*What to work on*: Pictures are to be left out, and only the lines below starting at the one with "Intercontinental Second Floor (16).jpg" and ending at the one with "modern, businesswomen, on, an, outdoor, walkway" are to be reproduced, each exactly, both ends included.

*Supplied records*:
= = =
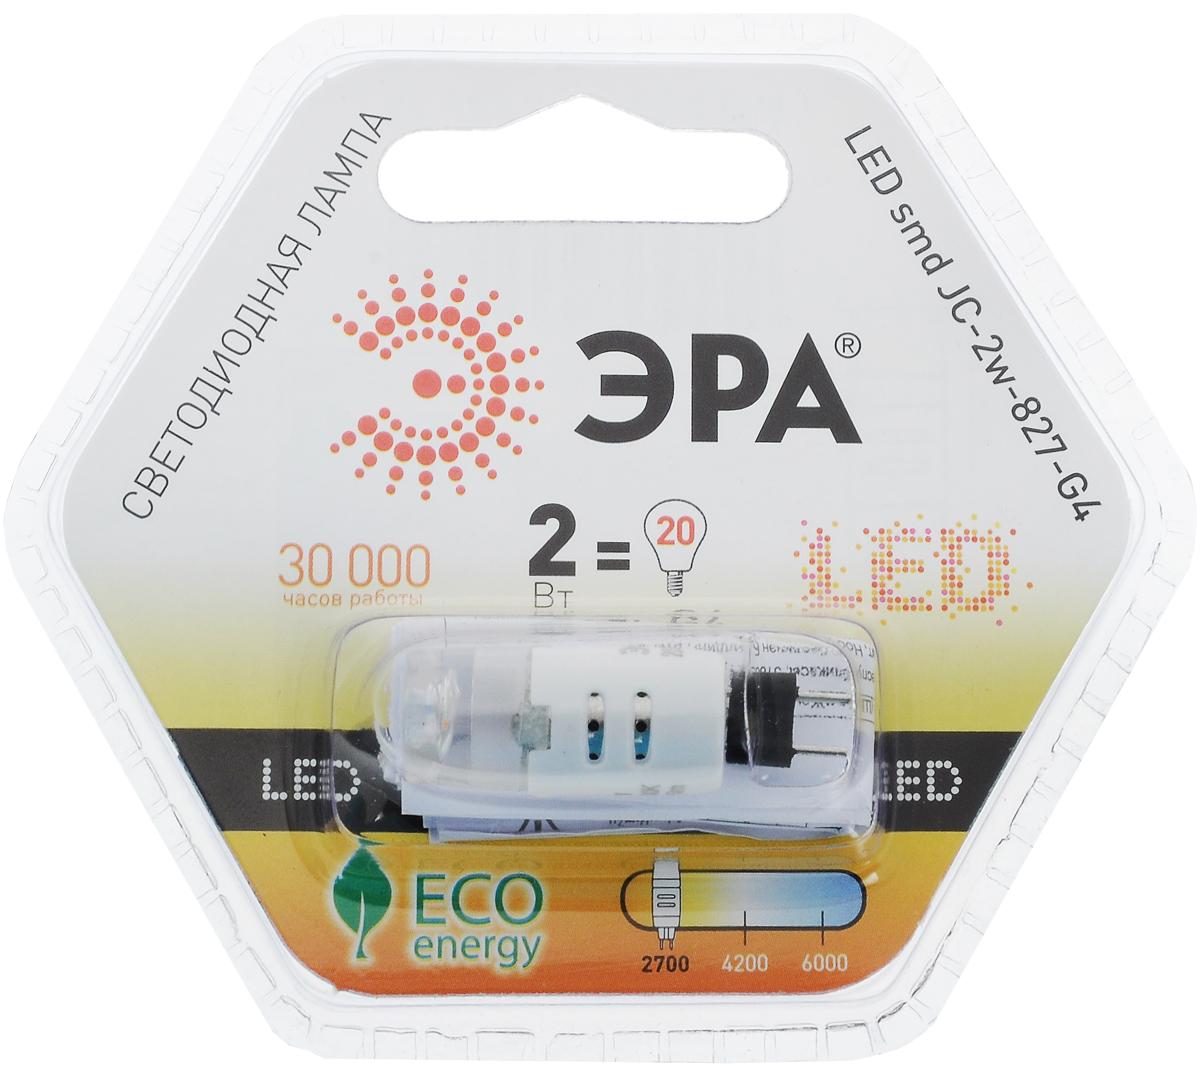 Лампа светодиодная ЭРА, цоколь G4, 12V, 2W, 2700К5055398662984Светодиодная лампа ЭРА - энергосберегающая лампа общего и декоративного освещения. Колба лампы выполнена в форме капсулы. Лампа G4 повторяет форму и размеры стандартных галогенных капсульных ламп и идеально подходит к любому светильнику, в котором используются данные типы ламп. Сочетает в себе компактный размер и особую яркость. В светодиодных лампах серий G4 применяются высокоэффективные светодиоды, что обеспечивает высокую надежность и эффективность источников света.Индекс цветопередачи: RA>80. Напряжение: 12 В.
= = =
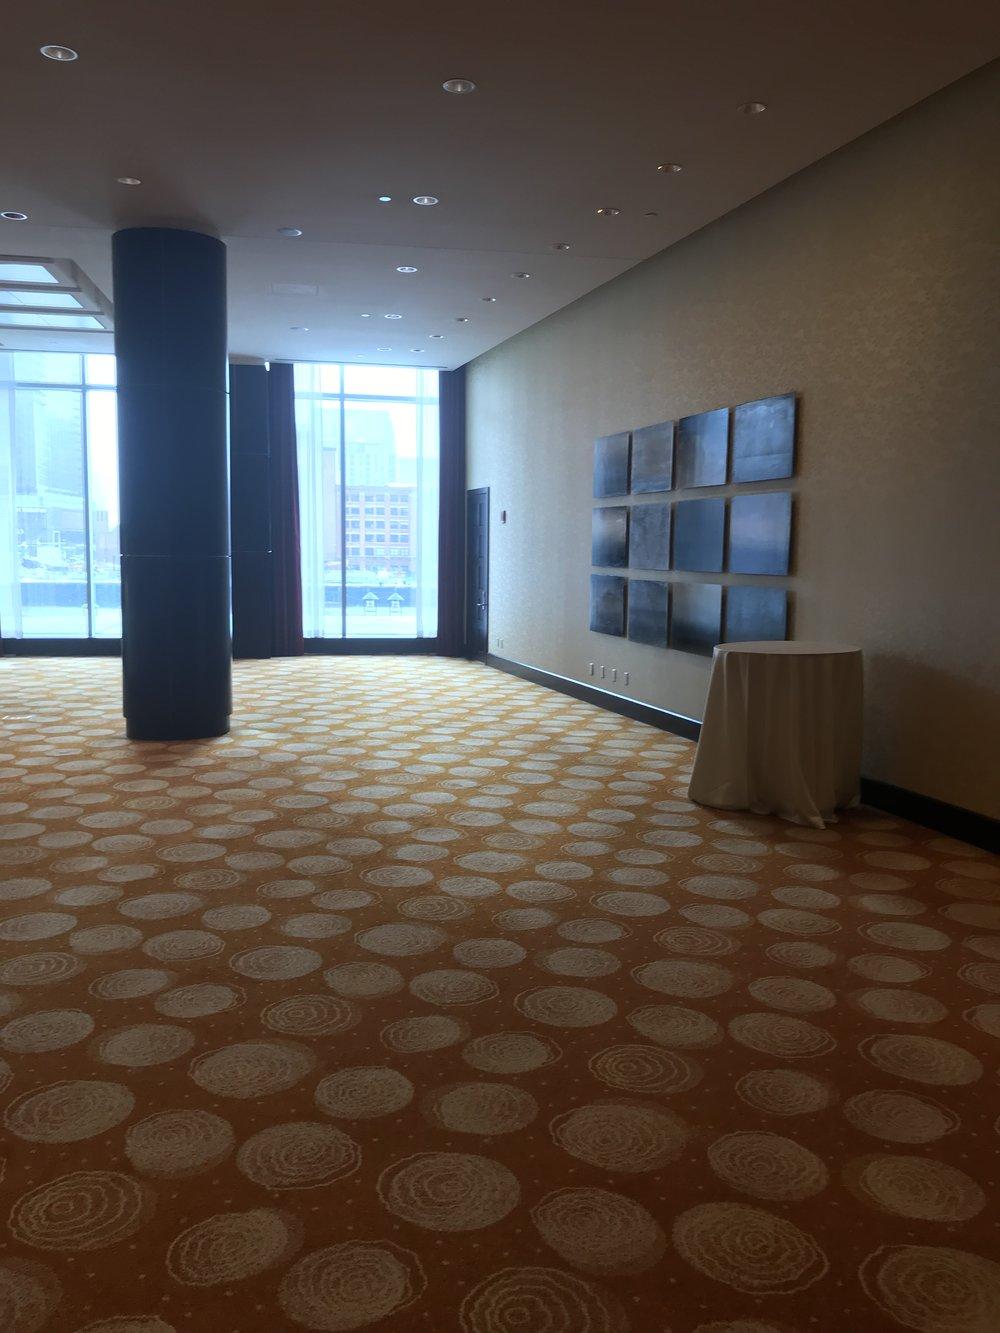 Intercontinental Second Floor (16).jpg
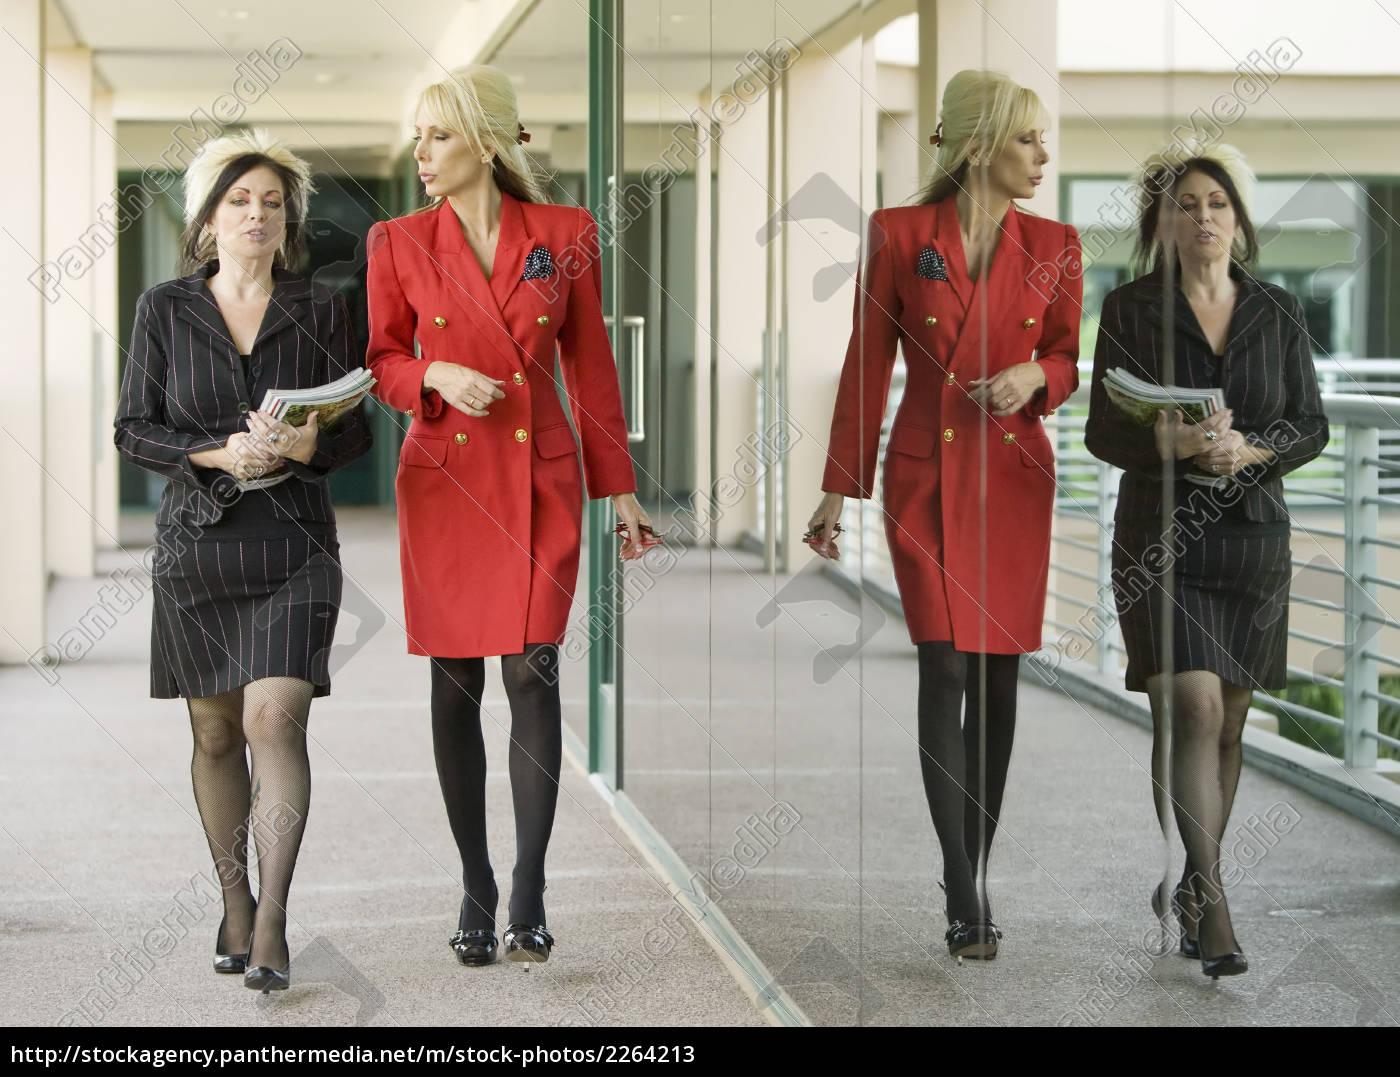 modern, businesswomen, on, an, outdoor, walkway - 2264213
= = =
*Result of the exercise*:
 Intercontinental Second Floor (16).jpg
 modern, businesswomen, on, an, outdoor, walkway - 2264213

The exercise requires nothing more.